Sunday, August 8, 2010

Hacking closure in Java 7.0 (1): SAM Conversion

I used a lot of functor library from Apache couple years ago and found it very handy to write with minimal boiler-plate code. At that time, I wondered, whether closure (or functor at that time) would be included in the language itself. Now, it is indeed to be included in Java 7.0 however unclear it is. In OpenJDK, through Lambda project, there would very likely be -- but again, still unclear -- a closure support in Java 7. Indeed, in lambda-dev mailing list, a lot of things seem to be more or less finalized, and we may really hope to have closure in Java 7.0 in September.

I spent some times yesterday and today to play around with the closure prototype right from the source. First, I reinstalled the binary jdk 7 to the build 103 one and then get the langtools project from mercury. Finally, I built the project and got my javac that can compile closure. 

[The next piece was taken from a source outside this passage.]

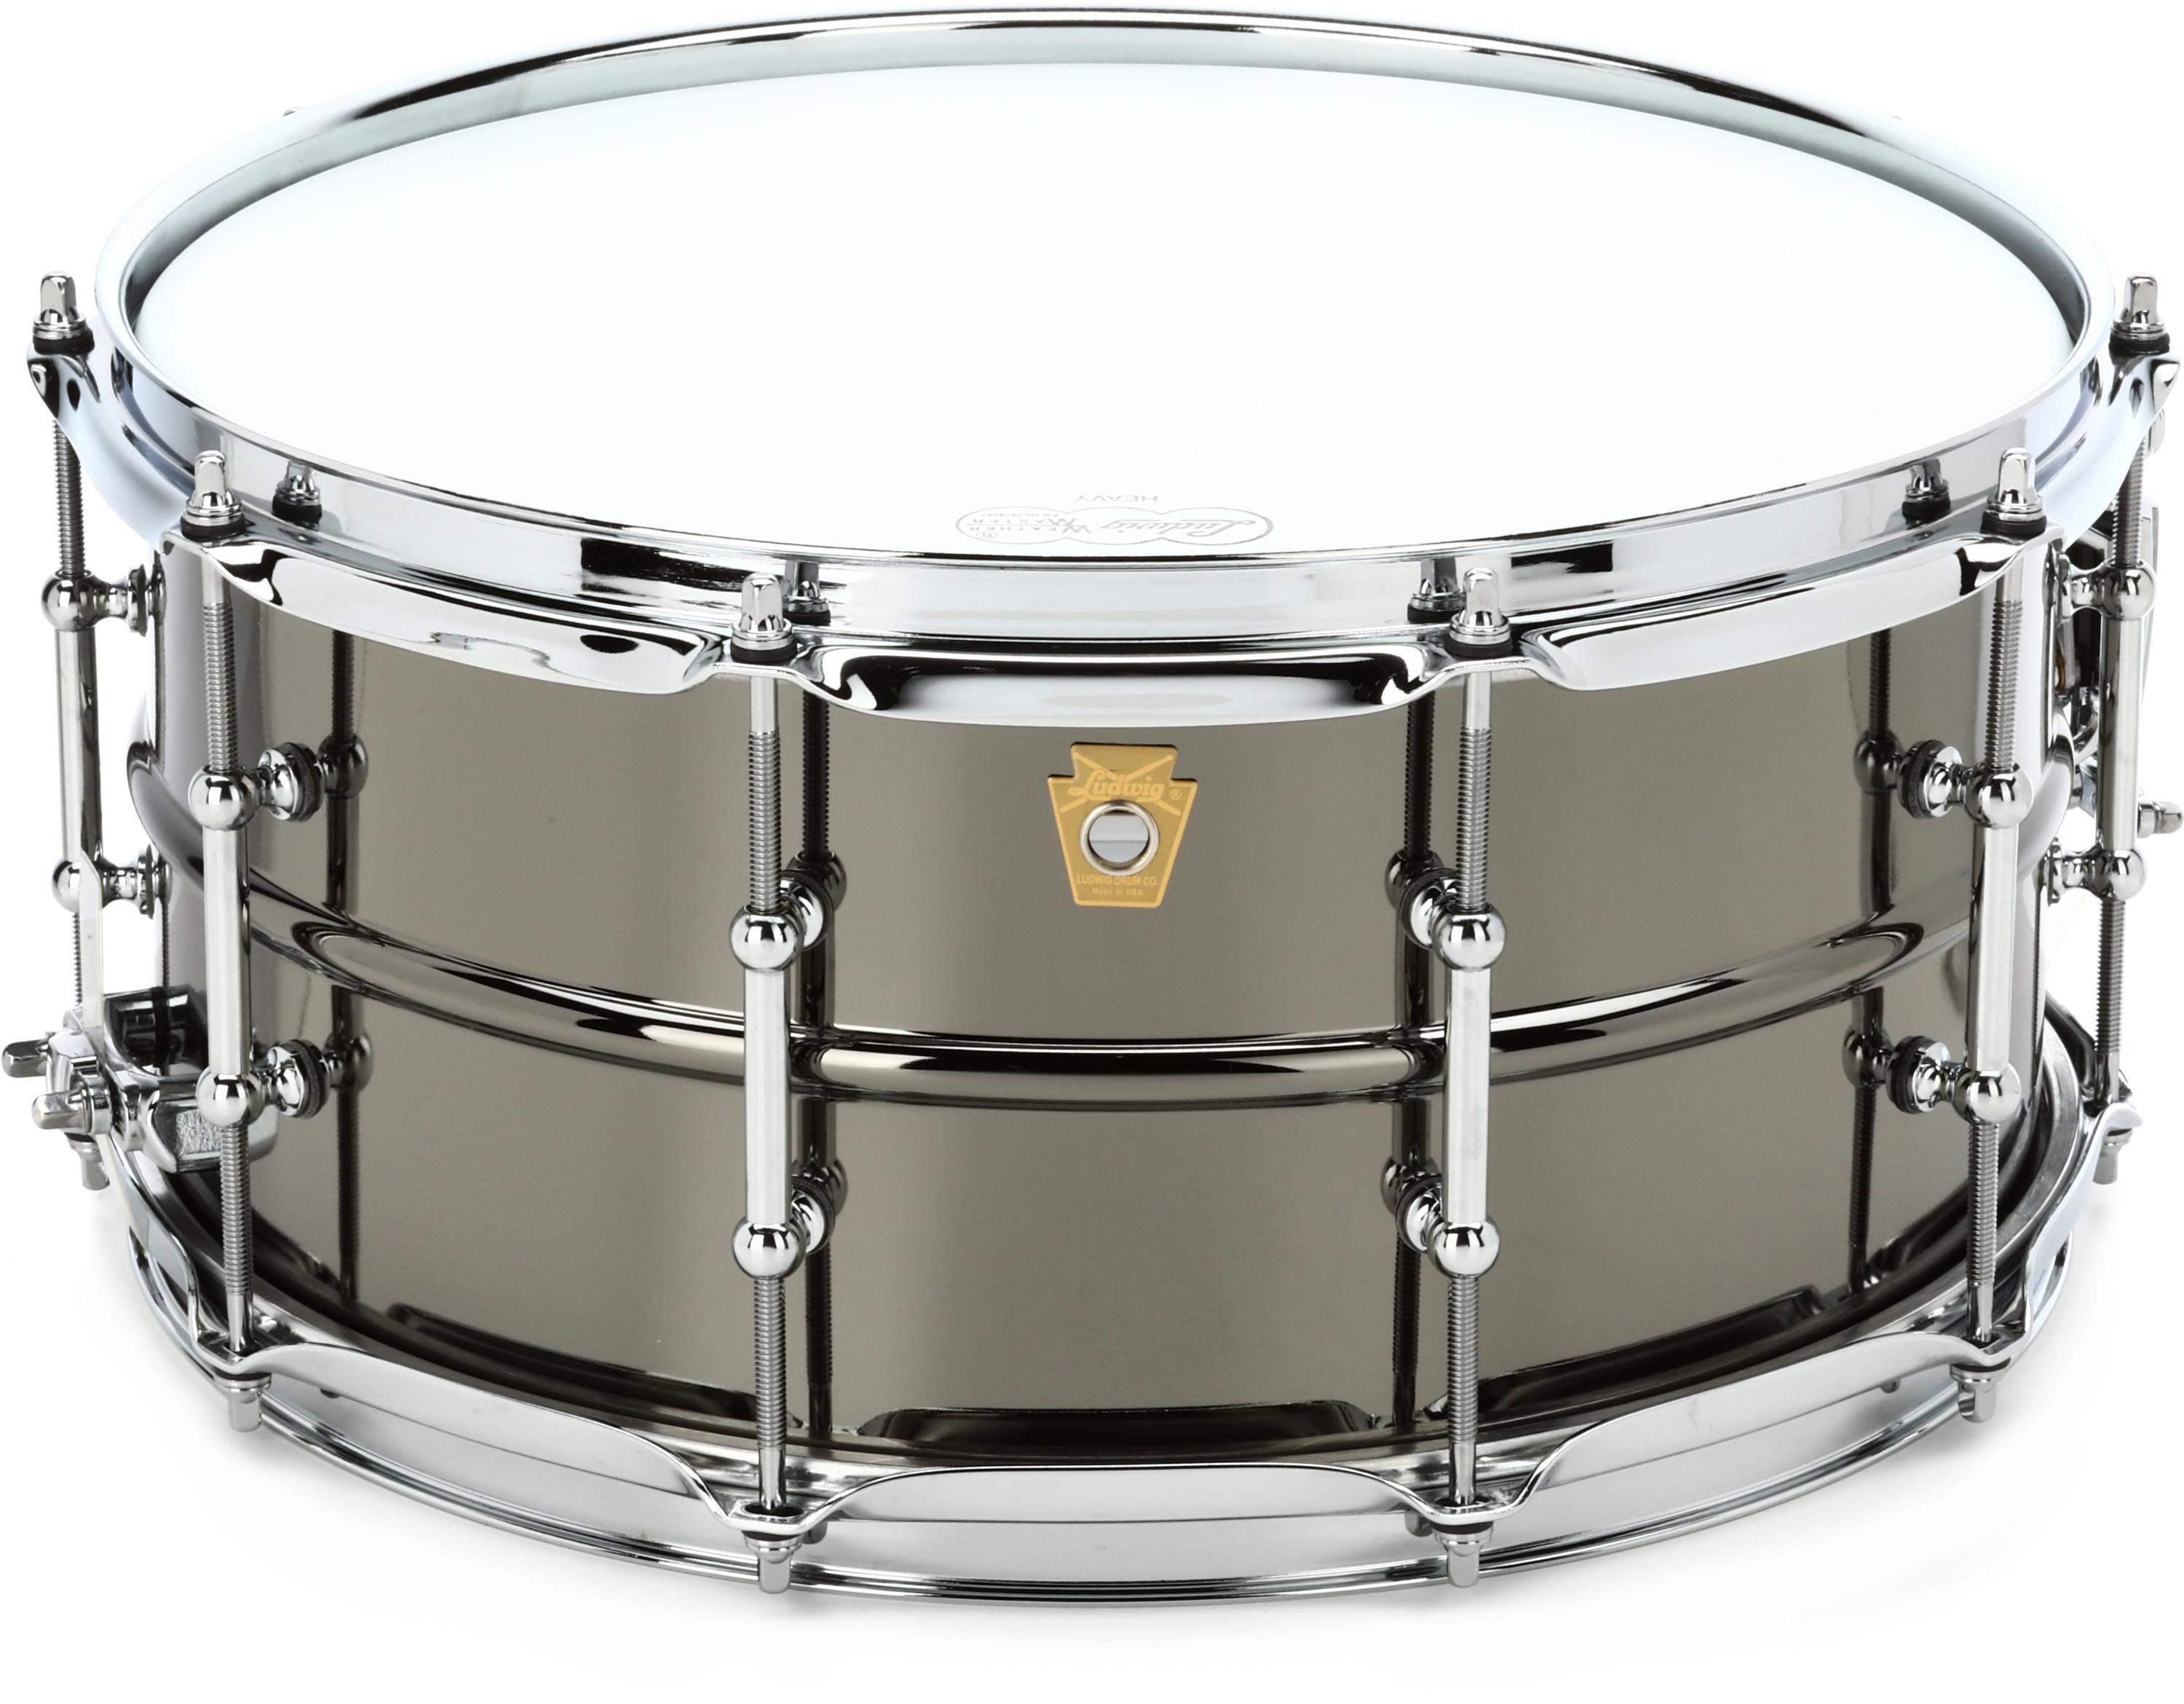 Ludwig Black Beauty Snare Drum - 6.5 x 14 inch - Black Nickel with Tube Lugs

The first use of closure is to simplify the implementation of Simple Abstract Method (SAM). So, what is SAM ? It is a method of interface that contains only one method, like run method of Runnable, call method of Callable, compare method of Comparator, and so on.
For example, we can use sort that accepts Comparator as follow:


       List<String> myList = new LinkedList<>();
   myList.addAll(Arrays.<String>asList(
       "AAA", "BB", "CCCC", "D", "FDFFFF"));   
     Collections.sort(
       myList,
       new Comparator<String> () {
         public int compare(String o1, String o2) {
           return o1.length() - o2.length();
         }
      });

(Note also how I use the diamond <> for myList creation, which is also introduced in Java 7).
This is not cool  because the need to write the inner class Comparator makes the code unreadable. And guess what, some companies even don't allow writing those kinds of inner class. Good news is, using closure, we can write an implementation of SAM shorter. Here is the code:

        List<String> myList = new LinkedList<>();
     myList.addAll(Arrays.<String>asList("AAA", "BB", "CCCC", "D", "FDFFFF"));   
     Collections.sort(myList, 
                      #(String x, String y) { x.length() - y.length() });
Much better, isn't it ? We can also write the comparator as follow:
         Comparator<String> lengthComparator = 
      #(String x, String y) { x.length() - y.length() }

Or runnable as follow:
     Runnable r = #() { method1(); method2();};

Now, let's put into practice.

Let's imagine we need to write a sum, multiplication, max, or min of a list. Without closure we'll have to have four different implementations of for loop for each:
public class ListIntUtil {
    public static Integer sum(List<Integer> list) {
        Integer result  = 0;
        for (Integer el : list) {
            result += el;
        }
        return result;
    }

    public static Integer multiply(List<Integer> list) {
        Integer result  = 1;
        for (Integer el : list) {
            result *= el;
        }
        return result;
    }
}
With closure, we can define a method that accepts the initial value and the function in addition to the list itself. So, we want to call like


foldLeft(myList, 0, #(Integer x, Integer y) { x + y })

for sum and 


foldLeft(myList, 1, #(Integer x, Integer y) { x * y })

for multiplication.

The definition of foldLeft is the following:


public static Integer foldLeft(Integer initial, List<Integer> integerList, BinaryFunction fn) {
     Integer result = initial;
     for (Integer in  : integerList) {
        result = f.apply(result, in);
     }
     return result;
}

with BinaryFunction is a SAM defined as follow:
public interface BinaryFunction {
   Integer apply(Integer x, Integer y);
}


Again, there's no need to implement BinaryFunction, it's enough to to write #(Integer x, Integer y) { x + y }. 
Indeed, we can assign the closure directly to BinaryFunction :

BinaryFunction fn = #(Integer x, Integer y) { x + y }.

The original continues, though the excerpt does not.